Kulshrestha Vidushi, Shivhare Swati, Meena Jyoti, Gamanagatti Shivanand, Singhal Seema, Singh Neeta, Kumar Sunesh, Dadhwal Vatsla
Department of Obstetrics and Gynecology, All India Institute of Medical Sciences, New Delhi, India.
Department of Radiodiagnosis, All India Institute of Medical Sciences, New Delhi, India.
Turk J Obstet Gynecol. 2022 Jun 27;19(2):111-117. doi: 10.4274/tjod.galenos.2022.34683.
To analyse the outcome of patients with symptomatic arterio-venous malformation (AVM), formed following pregnancy and managed by uterine artery embolization (UAE).
This retrospective study was conducted after ethical approval and included 15 patients presenting with abnormal uterine bleeding following pregnancy, who were suspected to have an AVM which later was confirmed by angiography and managed with UAE. Presenting symptoms, post-UAE complications and subsequent fertility outcomes were noted. Follow-up period ranged from 6 months to 2.5 years.
The mean age was 28.4±3.82 years and mean parity was 1.3. Out of 15 cases, 9 (60%) presented after abortion, 4 (26.6%) after normal vaginal delivery and 2 (13.3%) after cesarean delivery; of these 10/15 (66.7%) patients had a history of curettage. The most common presenting symptom was continuous bleeding per-vaginum since the antecedent pregnancy in 9/15 (60%) patients and 6/15 (40%) patients had irregular bleeding. The mean duration of symptoms was 91±85.7 (30-360) days. For UAE, embolic agents used were polyvinyl alcohol (PVA) particles (300-500 μm) in 2 (13.3%), 30% glue injection in 3 (20%), the combination of PVA with glue injection in 4 (26.6%) and PVA with gelfoam in 6 (40%) patients. After UAE, bleeding responded within 3.6±0.97 (3-6) days in all but one patient who required repeat UAE one month later. All women resumed their normal menstrual cycle in 31.3±5.2 (24-42) days. Ten patients desired conception, of whom 5 (50%) conceived within 13.2±5.1 (6-19) months after UAE. Two women carried pregnancy to term, one underwent preterm cesarean for growth restriction with oligohydramnios. One patient had postpartum hemorrhage, which was managed medically. One had spontaneous abortion at 6 weeks gestation and the other is 13 weeks pregnant at present.

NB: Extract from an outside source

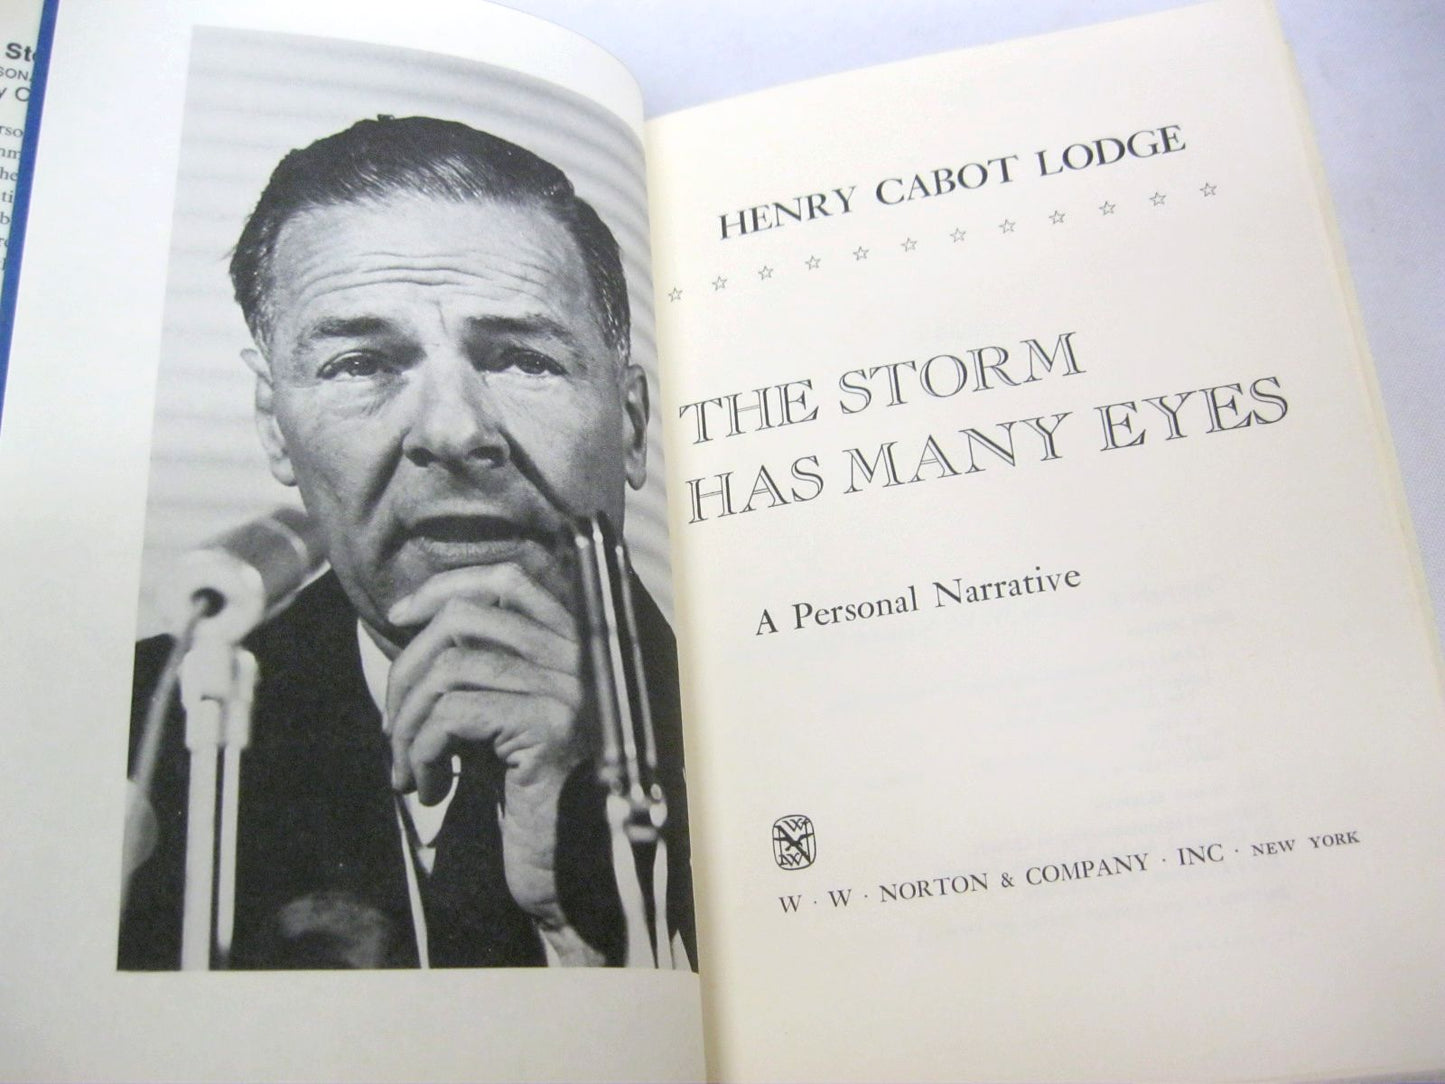 The Storm Has Many Eyes by Henry Cabot Lodge

UAE is an effective treatment modality for the management of symptomatic post-pregnancy AVMs.
分析妊娠后形成并接受子宫动脉栓塞术(UAE)治疗的有症状动静脉畸形(AVM)患者的治疗结果。
本回顾性研究在获得伦理批准后进行,纳入15例妊娠后出现异常子宫出血、疑似患有AVM且后来经血管造影确诊并接受UAE治疗的患者。记录患者的症状表现、UAE术后并发症及后续生育结局。随访时间为6个月至2.5年。
患者平均年龄为28.4±3.82岁,平均产次为1.3。15例患者中,9例(60%)在人工流产后出现症状,4例(26.6%)在正常阴道分娩后出现症状,2例(13.3%)在剖宫产术后出现症状;其中10/15例(66.7%)患者有刮宫史。最常见的症状表现为9/15例(60%)患者自上次妊娠后持续阴道出血,6/15例(40%)患者有不规则出血。症状平均持续时间为91±85.7(30 - 360)天。在UAE治疗中,2例(13.3%)患者使用聚乙烯醇(PVA)颗粒(300 - 500μm)作为栓塞剂,3例(20%)患者注射30%的胶水,4例(26.6%)患者联合使用PVA与胶水注射,6例(40%)患者联合使用PVA与明胶海绵。UAE术后,除1例患者1个月后需重复UAE外,所有患者在3.6±0.97(3 - 6)天内出血得到控制。所有女性在31.3±5.2(24 - 42)天内恢复正常月经周期。10例患者有受孕意愿,其中5例(50%)在UAE术后13.2±5.1(6 - 19)个月内受孕。2例女性足月分娩,1例因胎儿生长受限合并羊水过少行早产剖宫产。1例患者产后出血,经药物治疗。1例患者在妊娠6周时自然流产,另1例目前妊娠13周。
UAE是治疗有症状的妊娠后AVM的有效治疗方式。